Al Hasib Mahamud, Mahmudul Islam and Raqeebir Rab. Prediction of Lung Cancer Patients Survival Time using Regression Analysis and Image Processing Techniques. International Journal of Computer Applications 176(34):9-14, June 2020. BibTeX

@article{10.5120/ijca2020920409,
	author = {Al Hasib Mahamud and Mahmudul Islam and Raqeebir Rab},
	title = {Prediction of Lung Cancer Patients Survival Time using Regression Analysis and Image Processing Techniques},
	journal = {International Journal of Computer Applications},
	issue_date = {June 2020},
	volume = {176},
	number = {34},
	month = {Jun},
	year = {2020},
	issn = {0975-8887},
	pages = {9-14},
	numpages = {6},
	url = {http://www.ijcaonline.org/archives/volume176/number34/31422-2020920409},
	doi = {10.5120/ijca2020920409},
	publisher = {Foundation of Computer Science (FCS), NY, USA},
	address = {New York, USA}
}

Abstract

In recent time Lung cancer becomes one of the fatal and common disease in the world.
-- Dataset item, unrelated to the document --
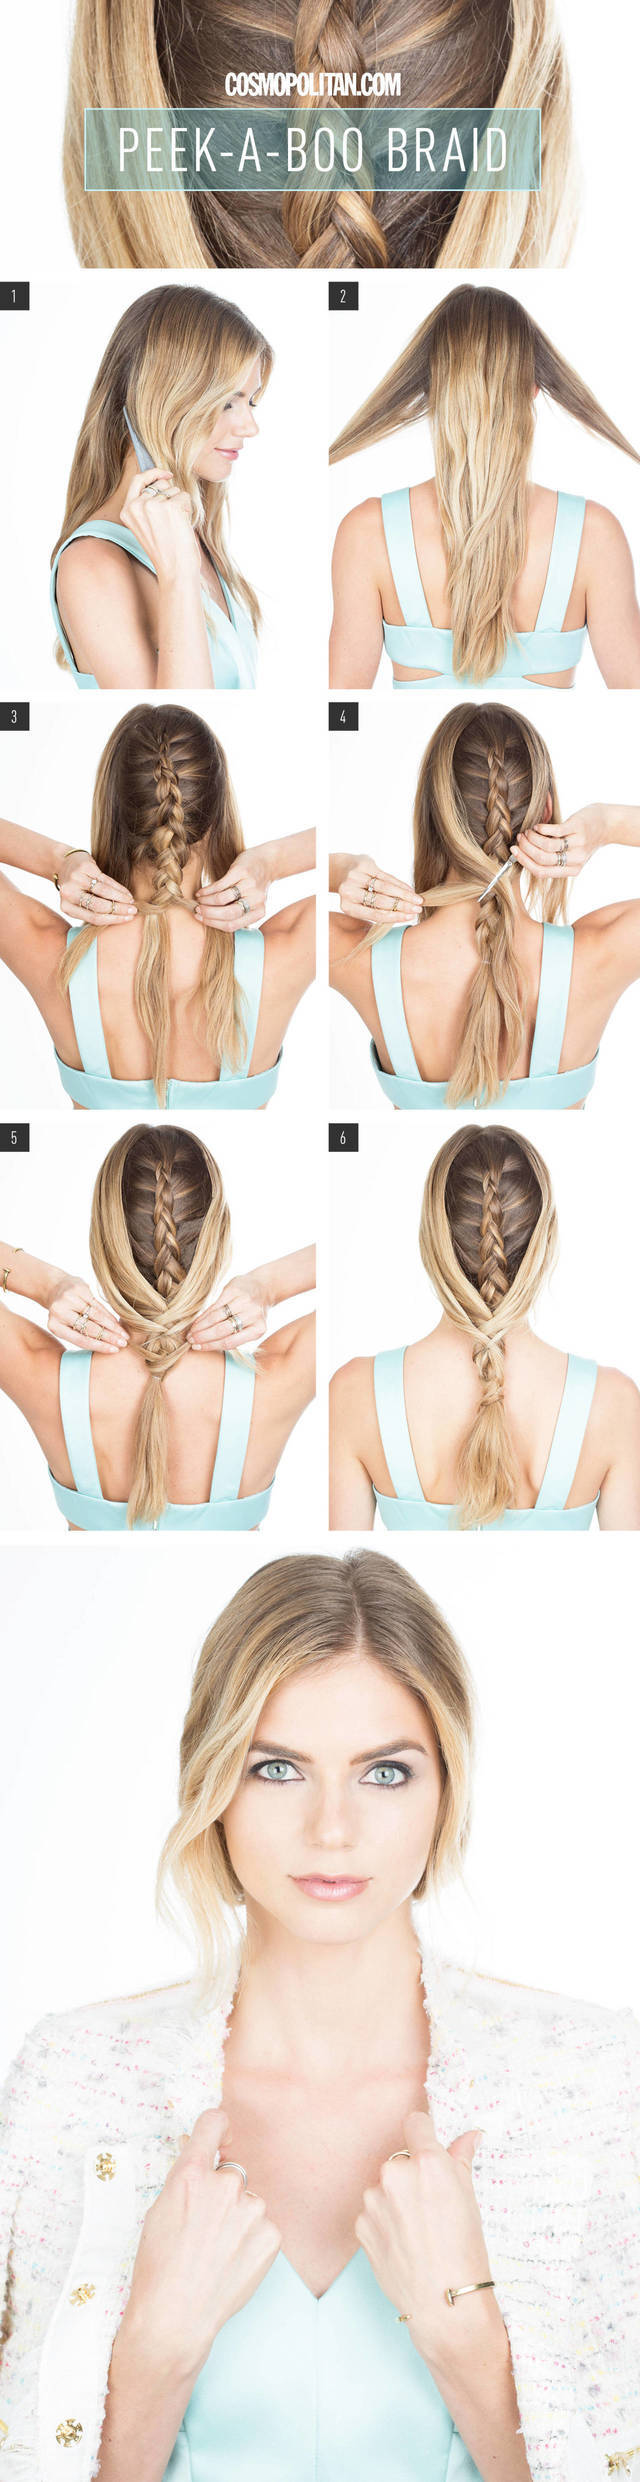 https://image.sistacafe.com/images/uploads/content_image/image/13441/1435318101-nrm_1411414412-cosmo-infographic-peek-a-boo-braid.jpeg

The prediction of survival time will improve the care of patients. In this era of Artificial Intelligence, computer aided detection system can be helpful to estimate more precisely the patient’s survival time. Inspired by the ongoing advances in image processing and machine learning in the bio-medical area, we have developed a model for predicting the survival period in tentative patients utilizing regression analysis and image processing techniques to assist doctors with historical data. Our proposed approach involves image acquisition,pre-processing,feature extraction and finally regression analysis to anticipate the survival time. Comparison analysis of three feature extraction techniques namely–Gray level co-occurrence matrix (GLCM) approach, Statistical Parametric approach and Hybrid approach which is the ensemble of both GLCM and Statistical Parametric approach have been performed. For predicting patient’s survival time three different regression analysis algorithms have been used and have got best result using Support Vector Regression(SVR) with the lowest Mean Absolute Error (MAE) of 12.44 and Root Mean Square Error of 16.35 for Statistical Parametric approach.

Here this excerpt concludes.